- INSTRUCTIONS FOR THE TASK -
Set down each record that follows exactly. Drop the images.

(Extracted data entries)

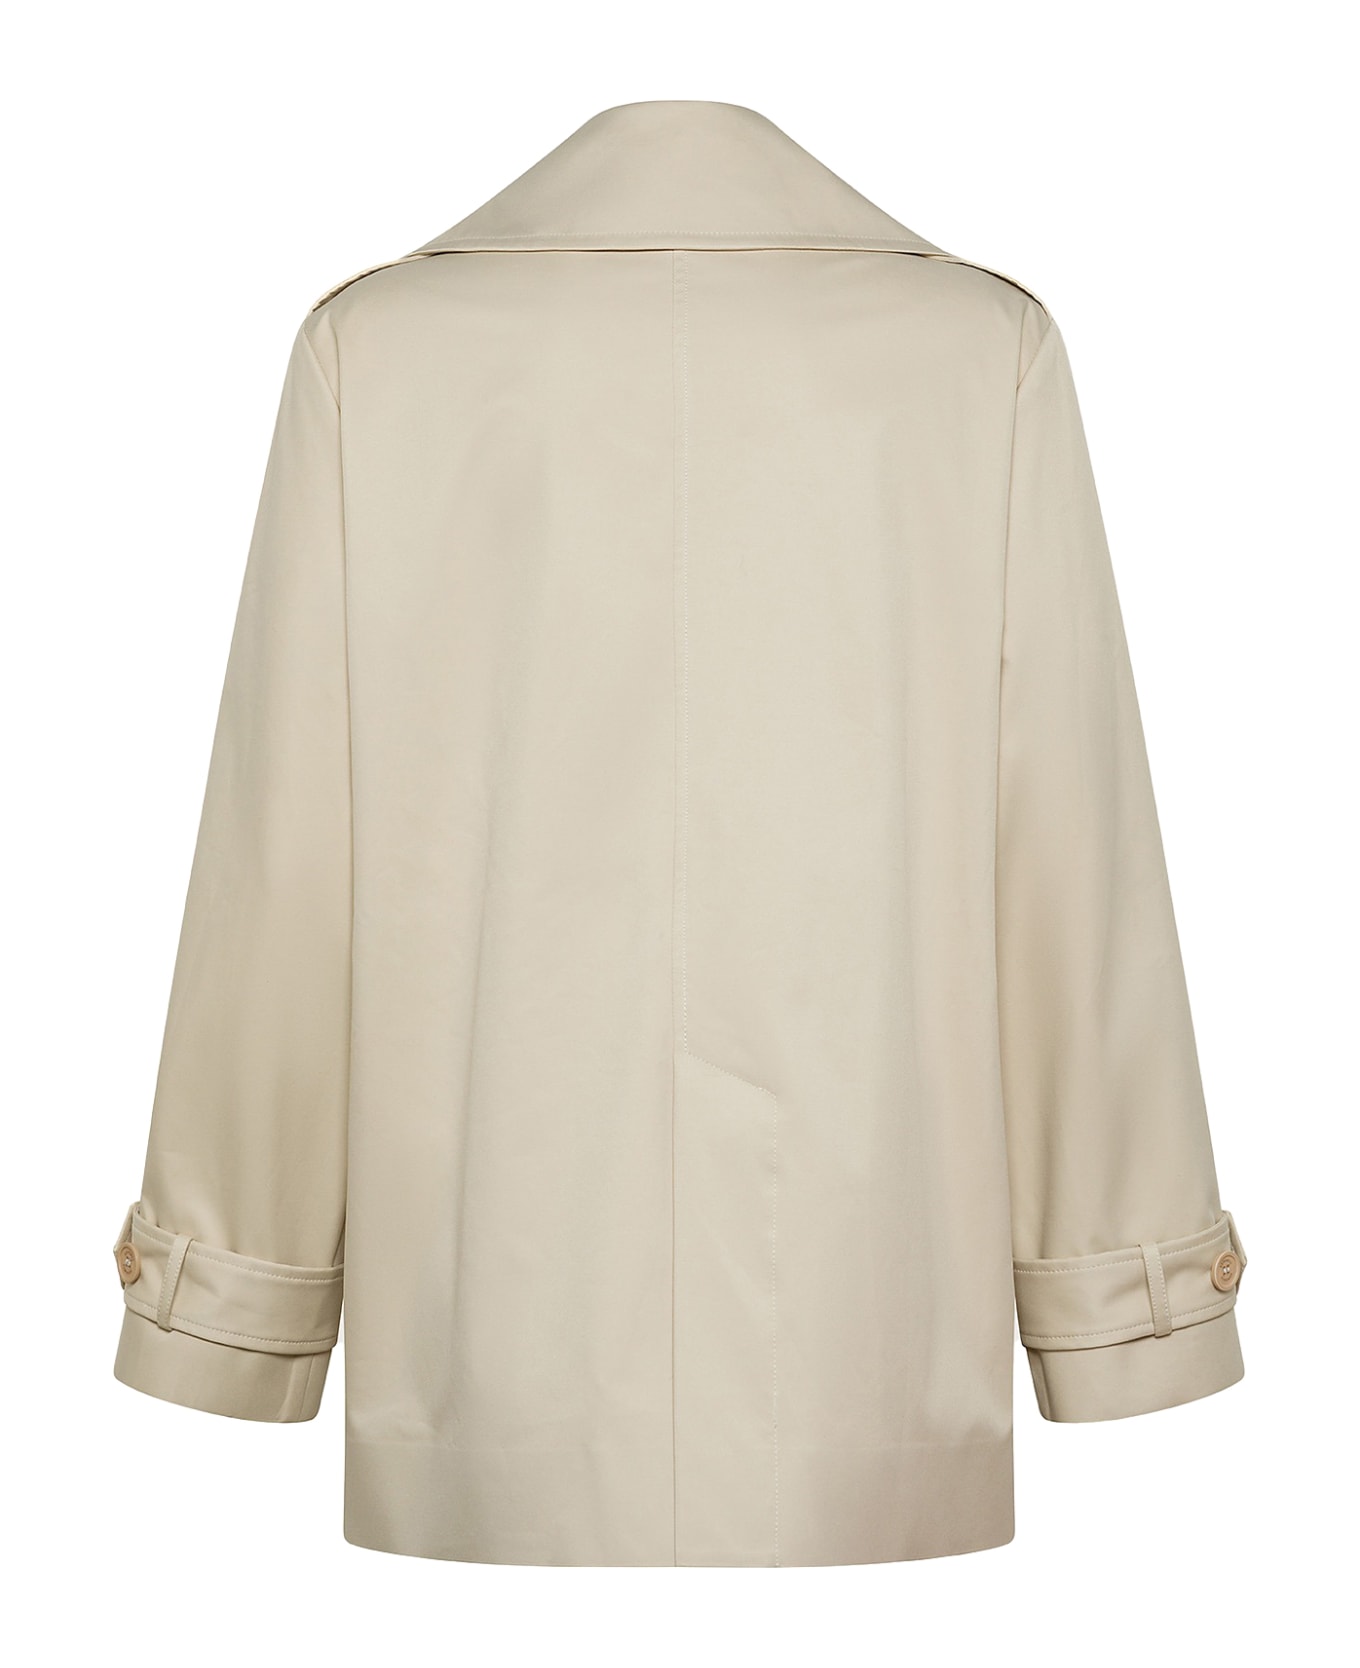 Seventy Beige Double-breasted Trench Coat - NERO
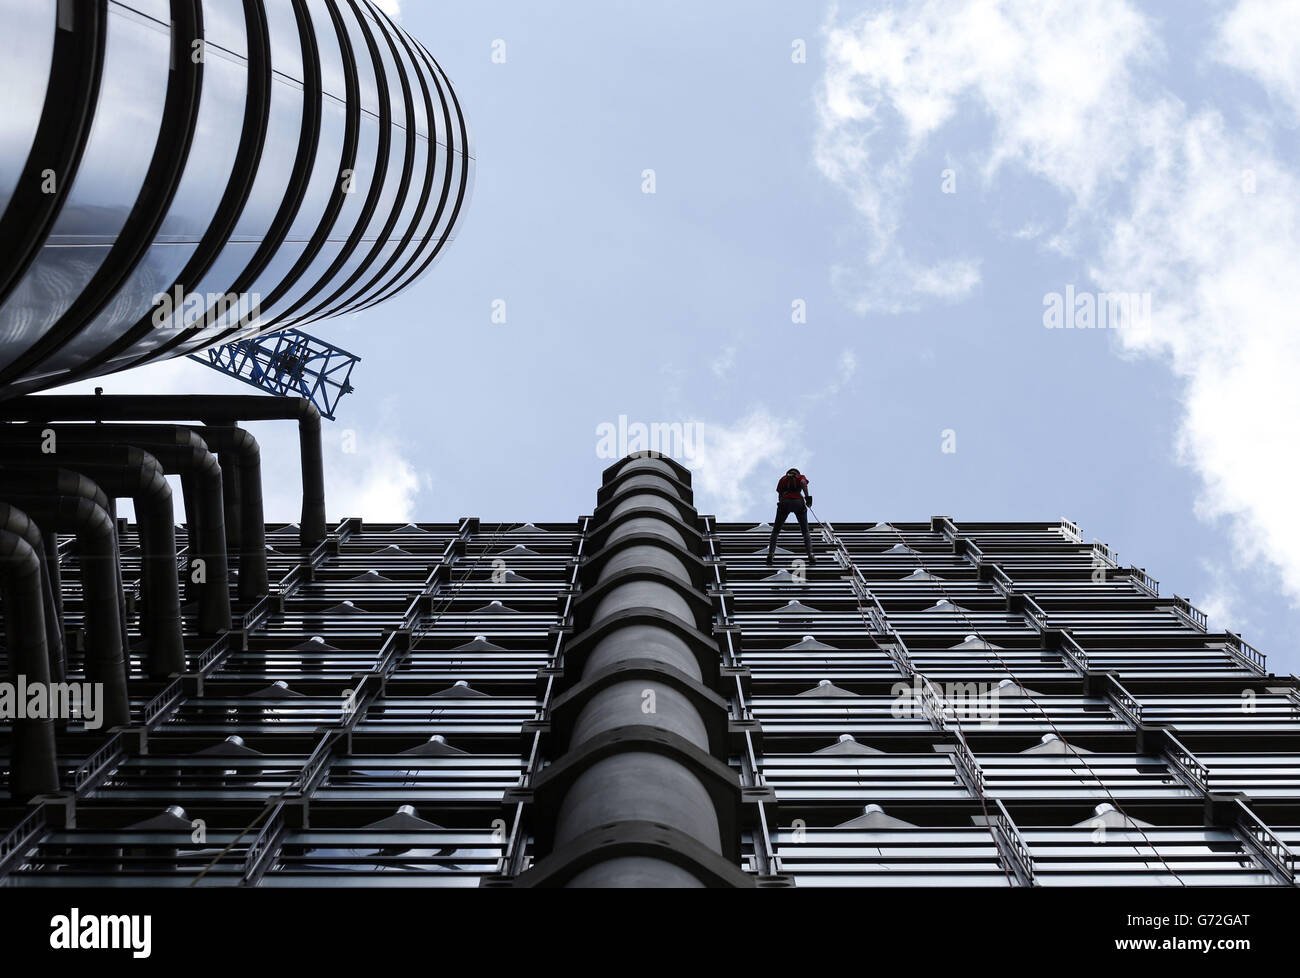 Fundraisers employed in the City of London abseil down the Lloyds of London building in aid of the charity RedR UK. Stock Photo
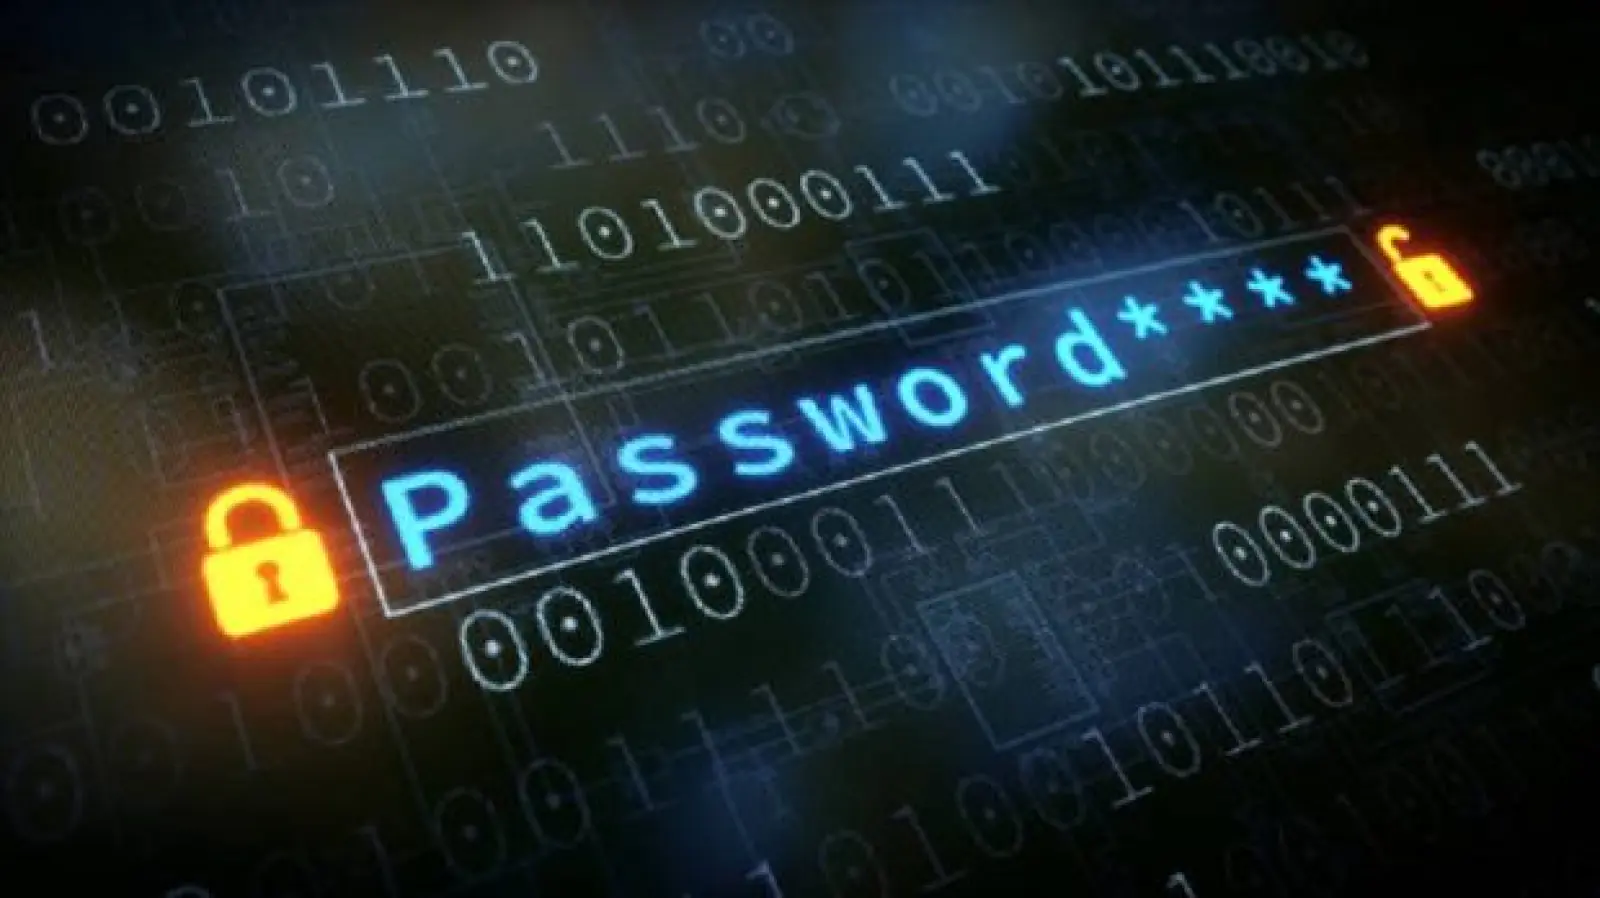 17% of Indian citizens save passwords in an insecure manner, shocking truth revealed in survey
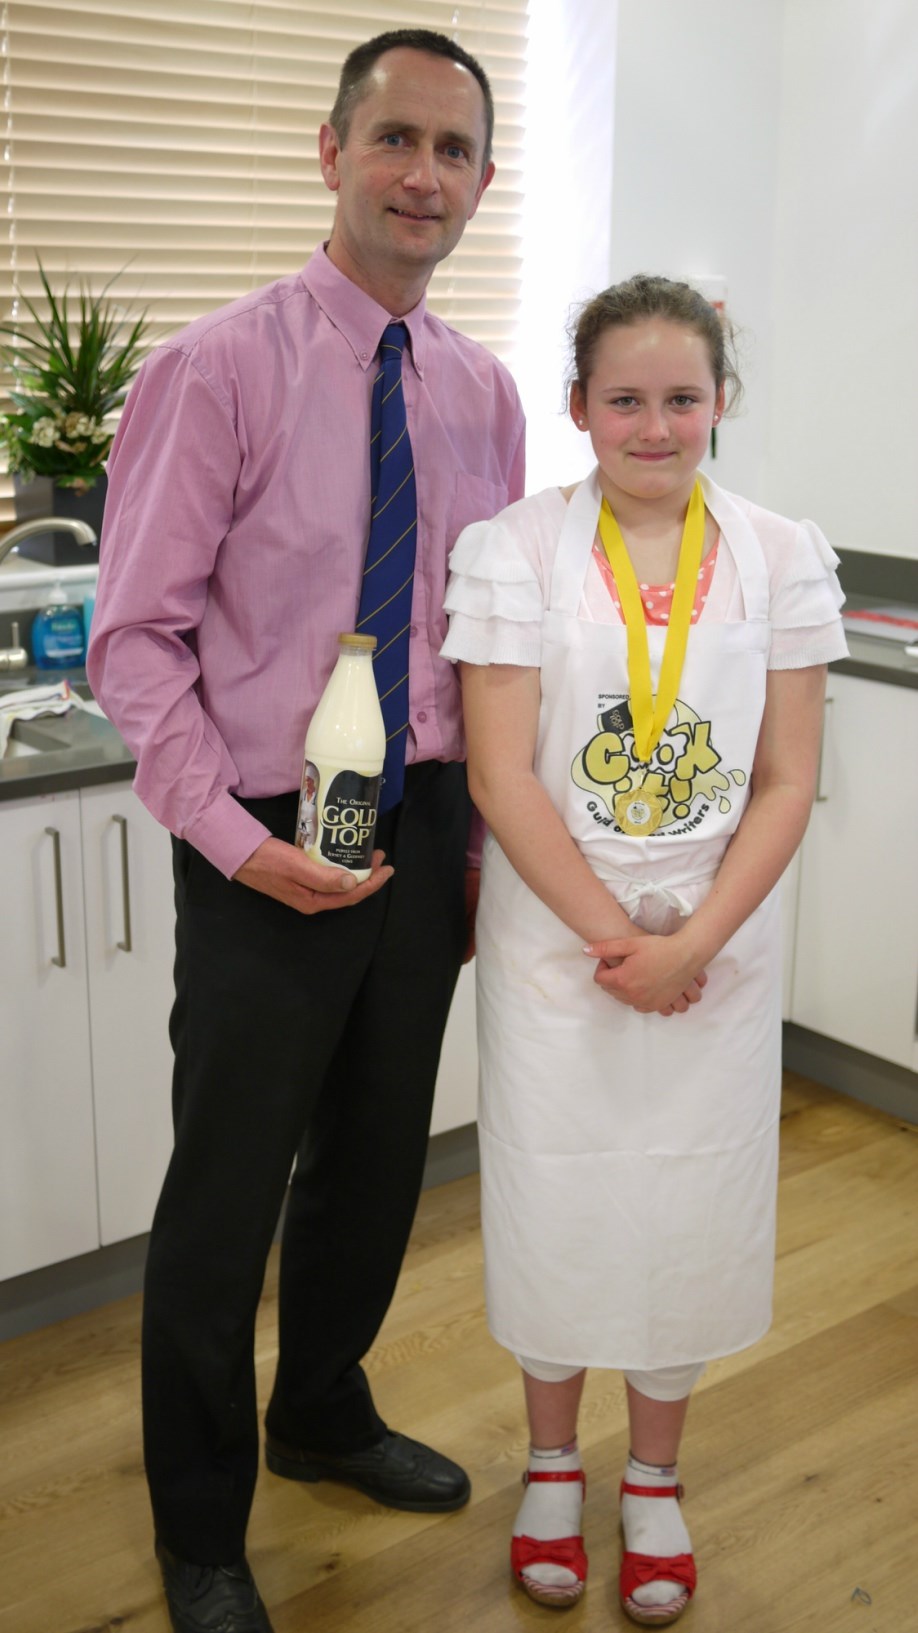 Beth Beeley with Andrew Payling from Gold Top
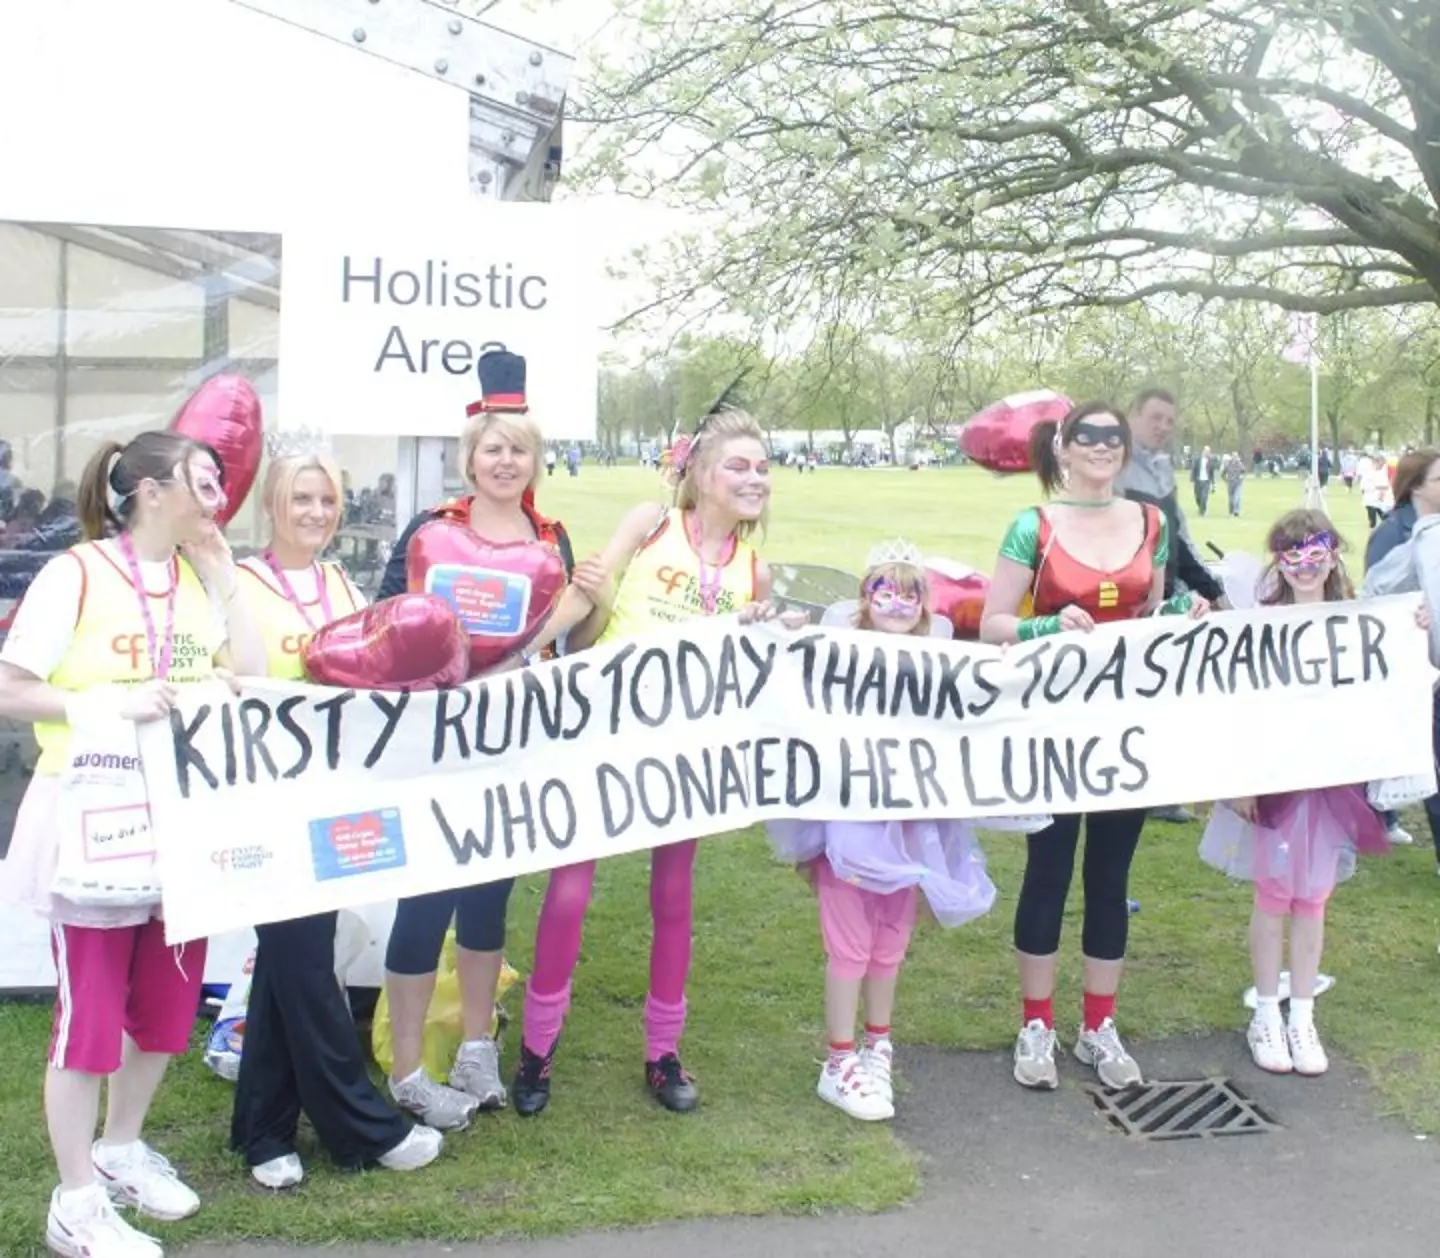 Kirsty ran a 10k after she had her lung transplant (

- TASK OUTPUT -
 Seventy Beige Double-breasted Trench Coat - NERO
 Fundraisers employed in the City of London abseil down the Lloyds of London building in aid of the charity RedR UK. Stock Photo
 17% of Indian citizens save passwords in an insecure manner, shocking truth revealed in survey
 Beth Beeley with Andrew Payling from Gold Top
 Kirsty ran a 10k after she had her lung transplant (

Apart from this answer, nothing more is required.